Guided missile destroyer

USS Charles J. French (DDG-142) is the planned 92nd (Flight III) Aegis guided missile destroyer of the United States Navy. She is named for Charles J. French.

== Naming ==

She is named for Steward's Mate 1st Class Charles J. French, an African American cook serving in the US Navy during World War II who was posthumously awarded the Navy and Marine Corps Medal for heroic actions not involving direct contact with an armed enemy. US Navy Secretary Carlos Del Toro announced the name on 10 January 2024 in honor of a sailor whose heroics had long been over-looked.

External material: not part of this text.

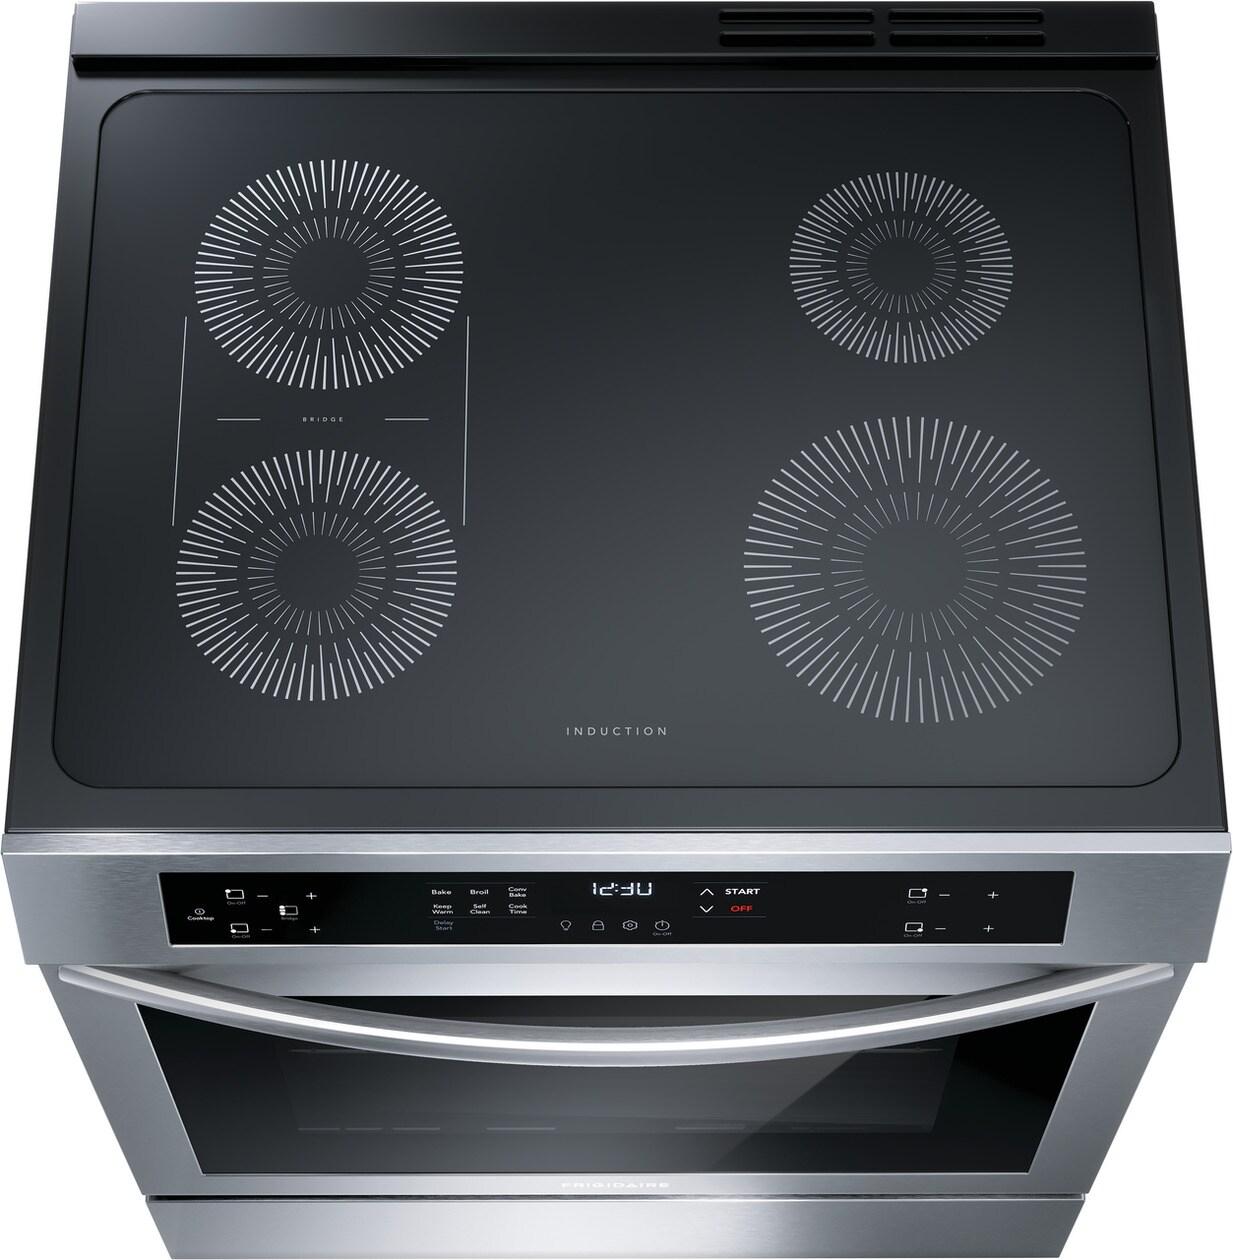 Frigidaire 30" Front Control Induction Range with Convection Bake

=== Historical background ===

French was serving in the Pacific aboard the destroyer when his ship was sunk at Guadalcanal on 4 September 1942. As the crew were abandoning ship, the Japanese began shelling helpless men in the water. French collected a group of wounded shipmates onto a makeshift raft which was attached to his waist with a rope. He then spent the next eight hours swimming through the shark-infested waters towing the raft carrying approximately fifteen shipmates to safety. Despite saving these lives, and the multiple recommendations to decorate French with a higher level medal or award for his valor, such as the Navy Cross, all were rejected by the military. Instead he only received a personal letter of commendation from Admiral William Halsey.